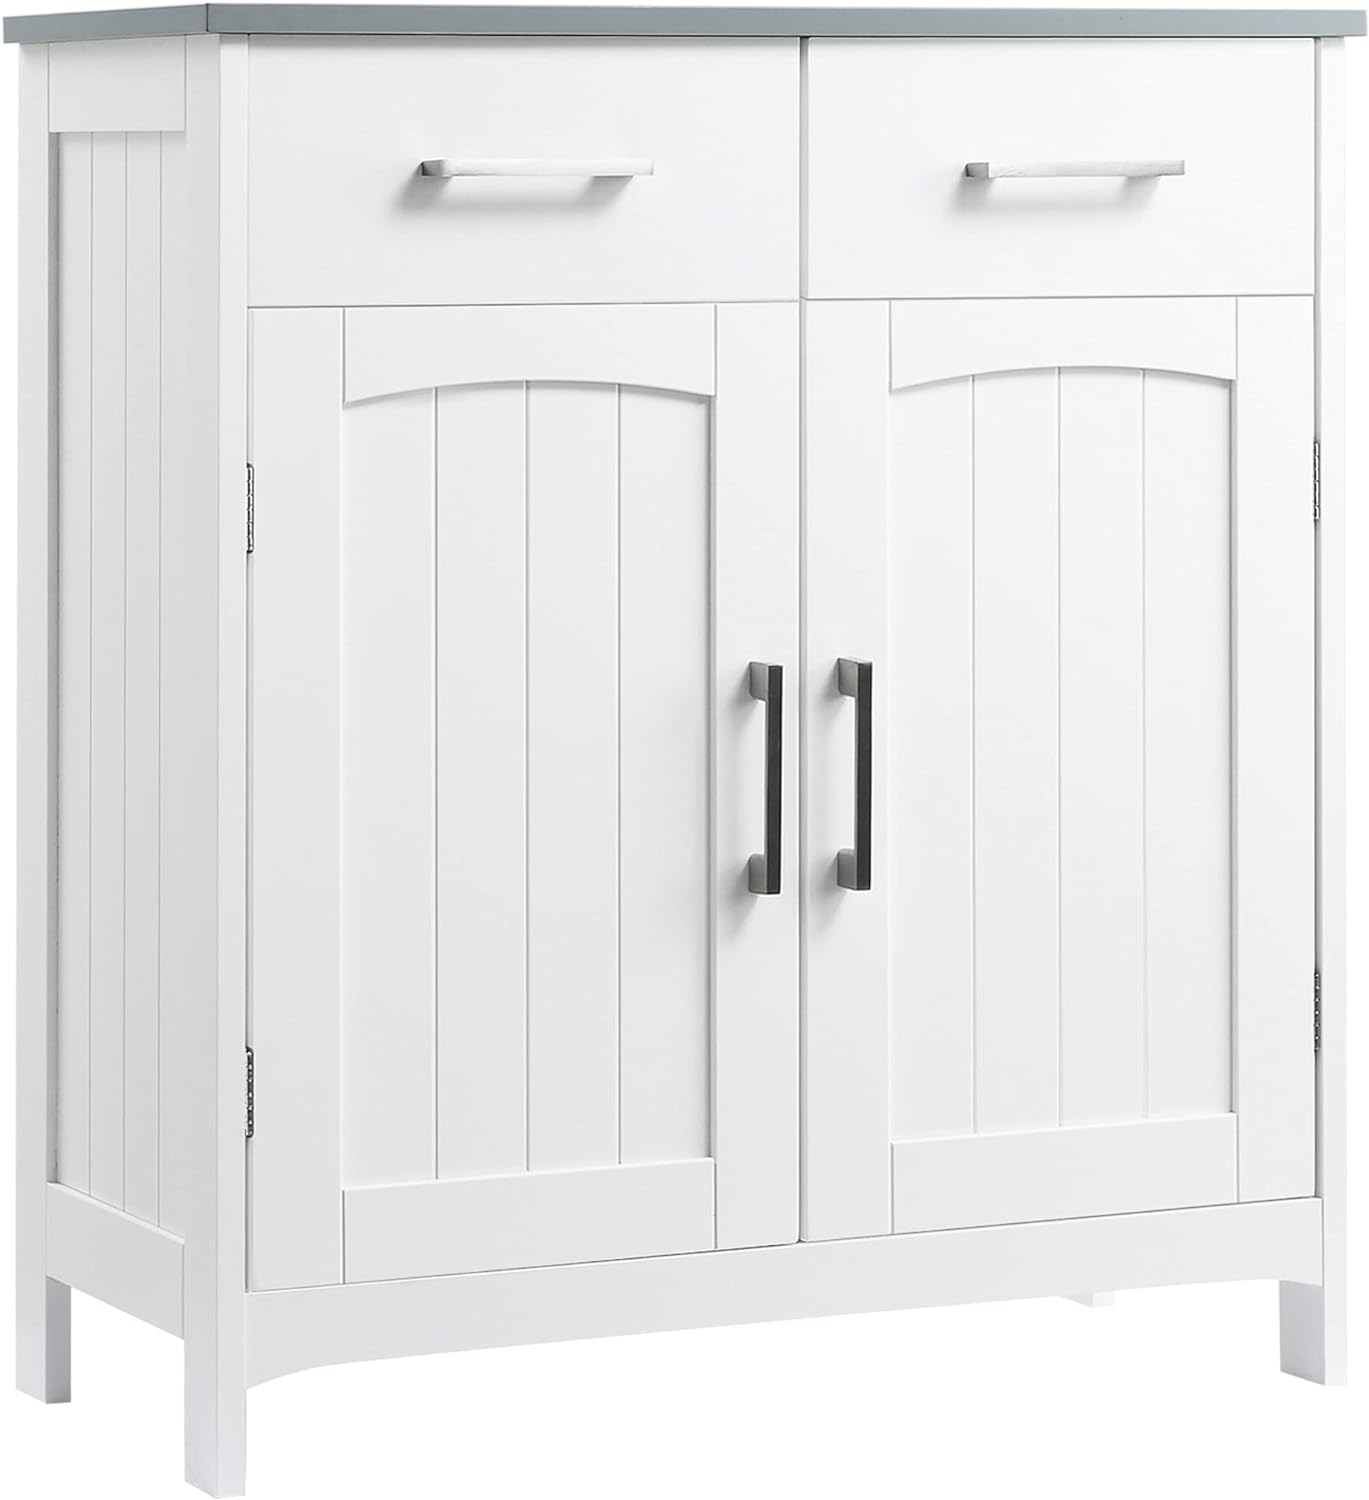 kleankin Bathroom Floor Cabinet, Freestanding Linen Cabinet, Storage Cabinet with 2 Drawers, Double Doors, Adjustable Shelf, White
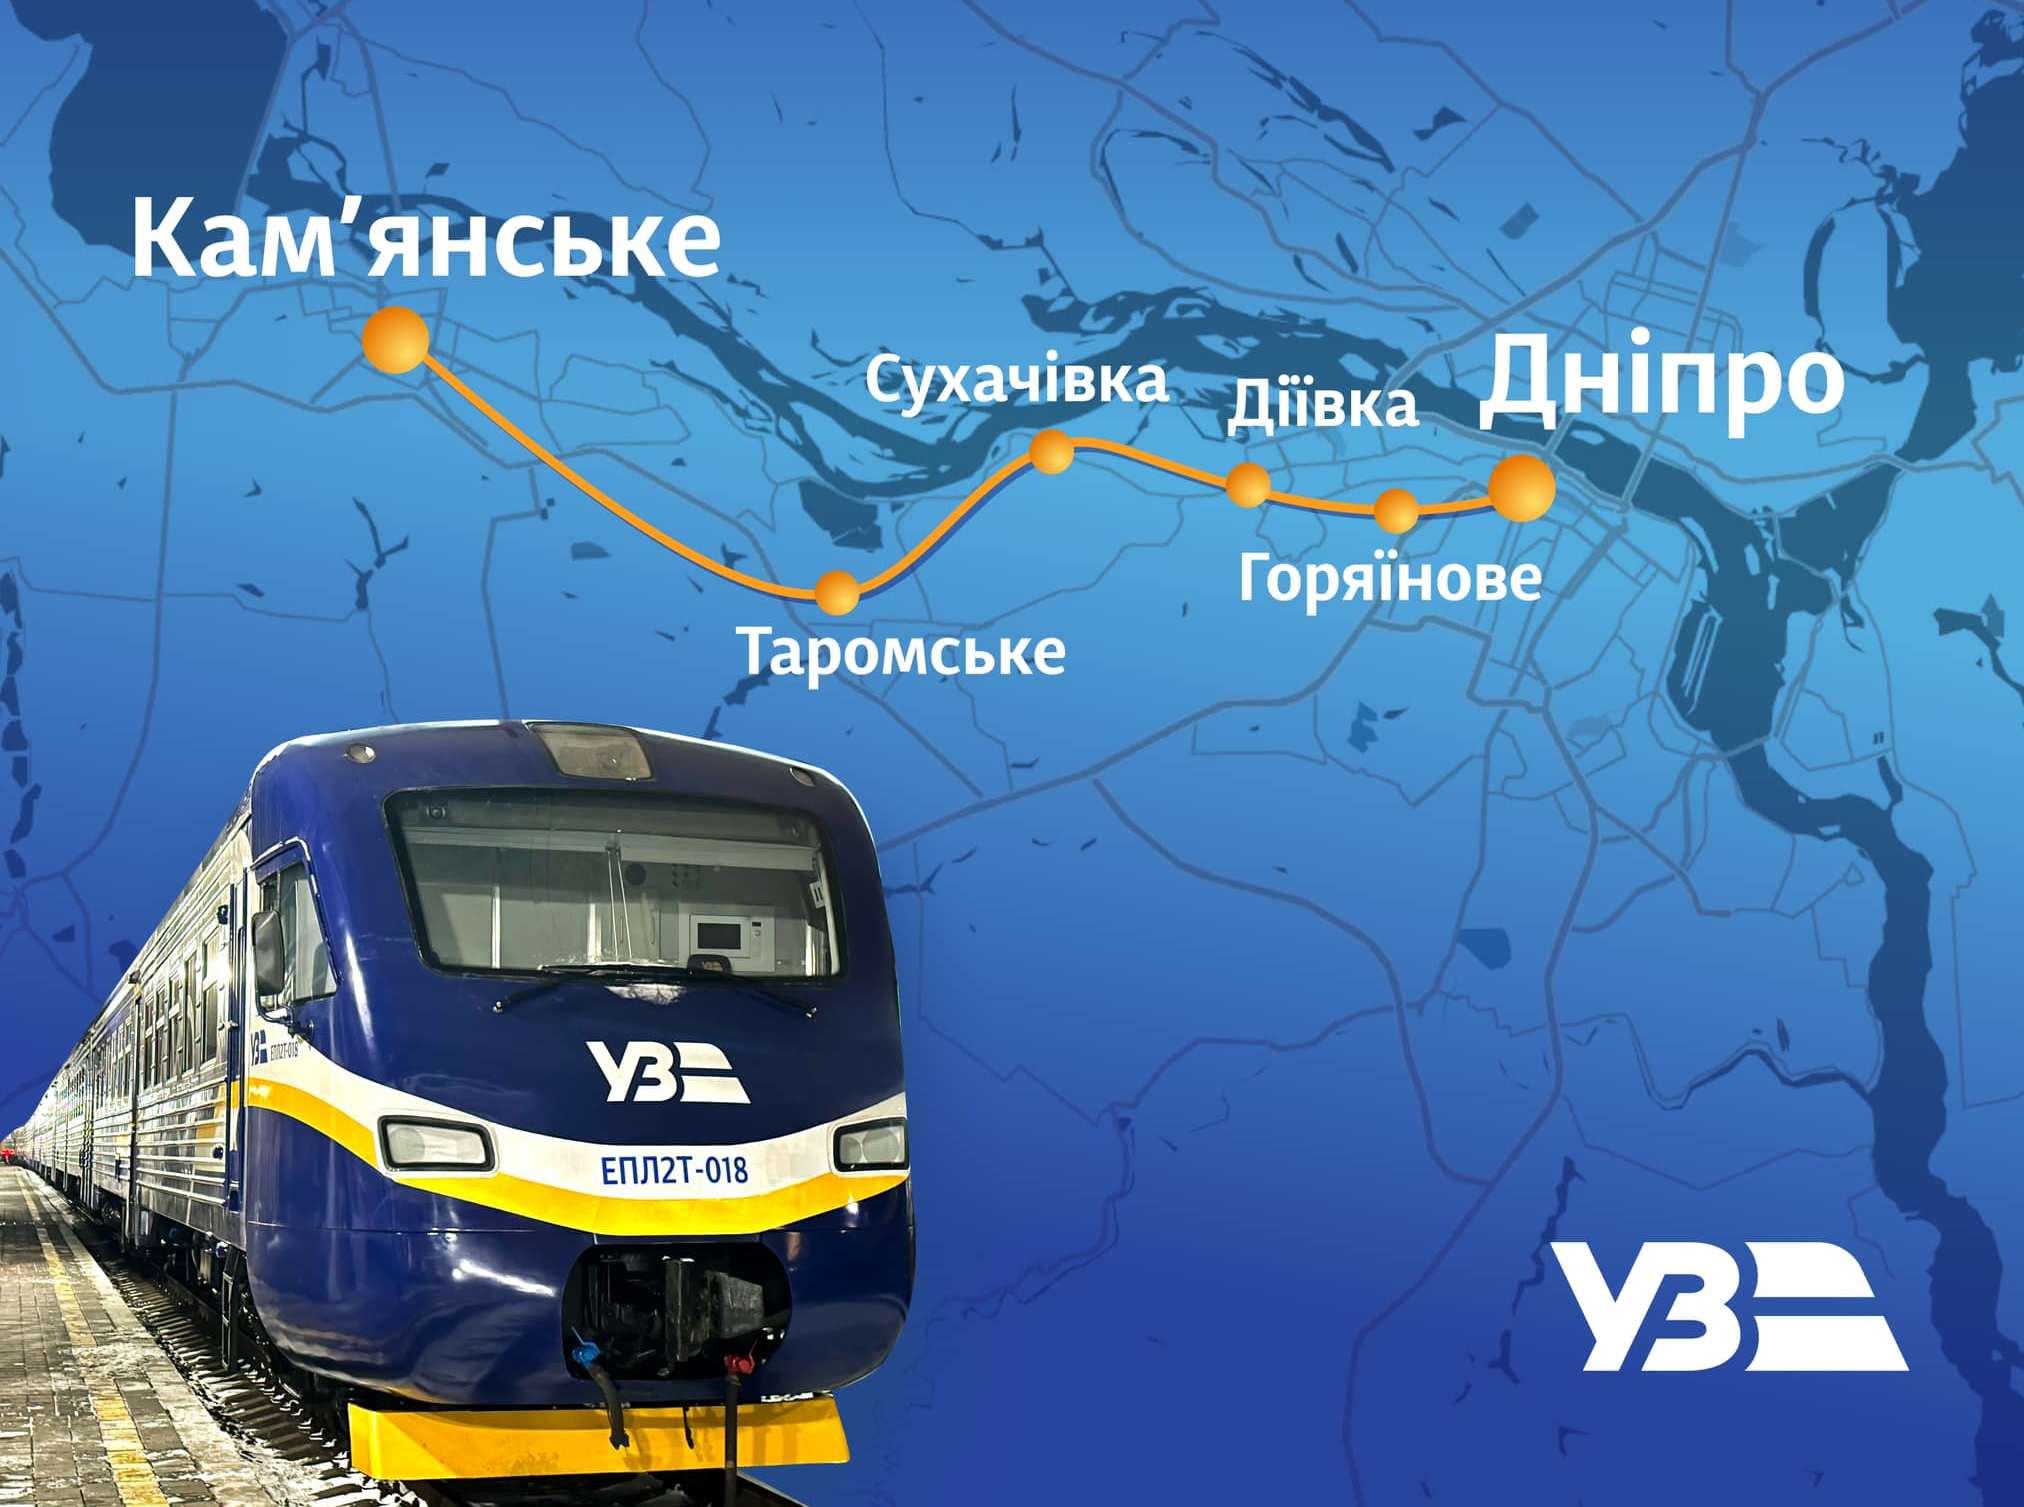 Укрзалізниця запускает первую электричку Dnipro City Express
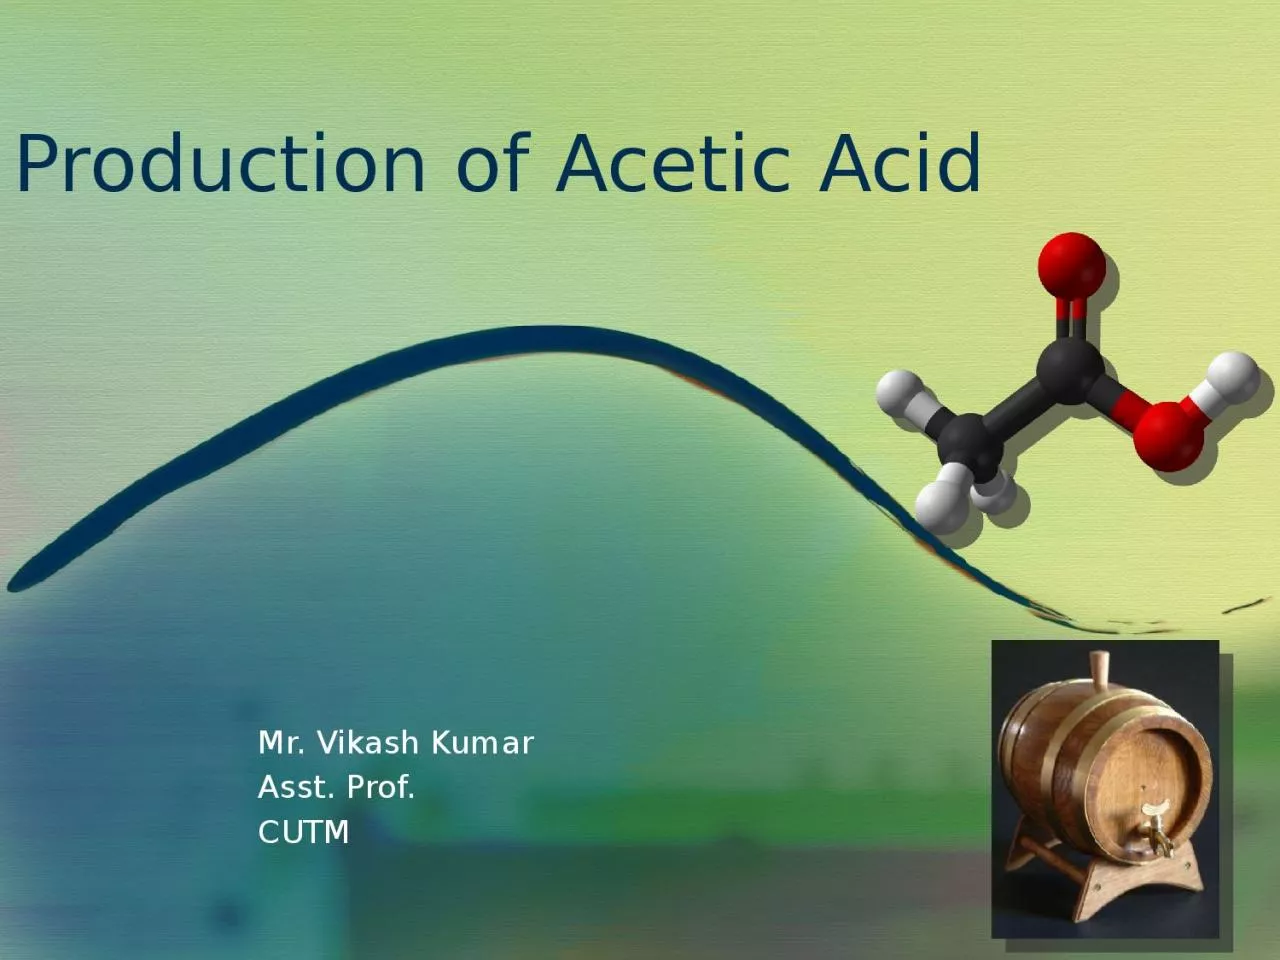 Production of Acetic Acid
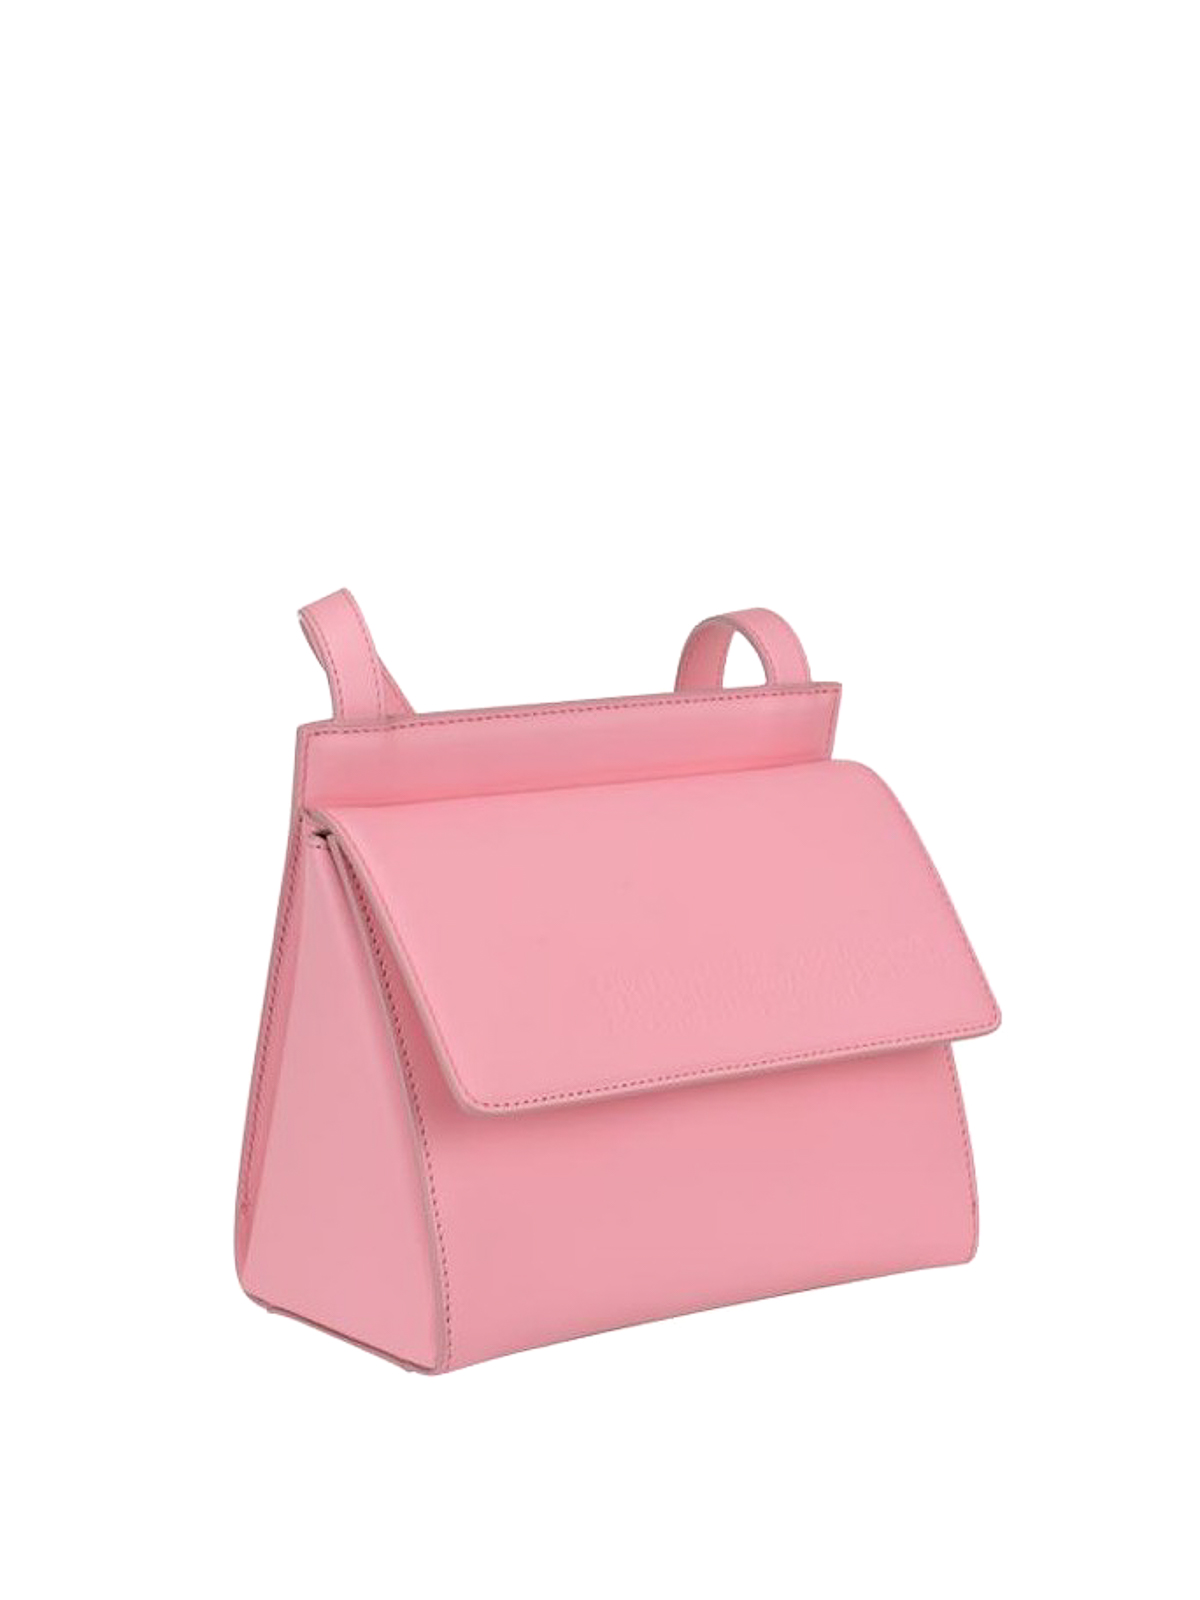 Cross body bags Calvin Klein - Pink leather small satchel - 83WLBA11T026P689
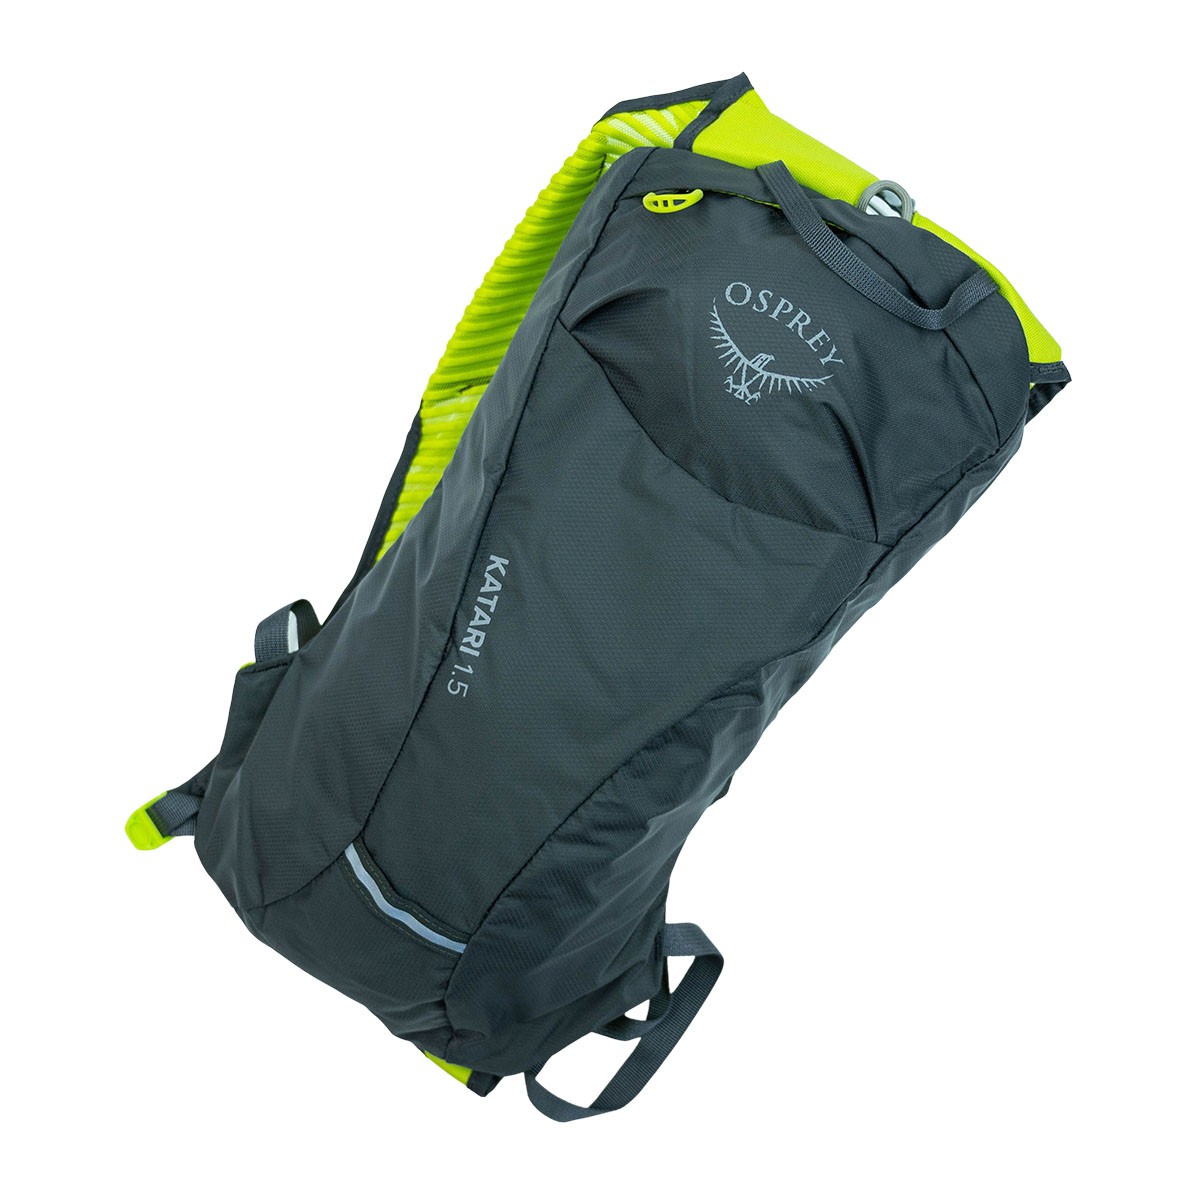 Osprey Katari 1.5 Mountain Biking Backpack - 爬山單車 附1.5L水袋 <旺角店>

• • •

Work to complete: Output the lines above verbatim, images excluded.

Reply:
 kleankin Bathroom Floor Cabinet, Freestanding Linen Cabinet, Storage Cabinet with 2 Drawers, Double Doors, Adjustable Shelf, White
 Укрзалізниця запускает первую электричку Dnipro City Express
 Production of Acetic Acid
 Cross body bags Calvin Klein - Pink leather small satchel - 83WLBA11T026P689
 Osprey Katari 1.5 Mountain Biking Backpack - 爬山單車 附1.5L水袋 <旺角店>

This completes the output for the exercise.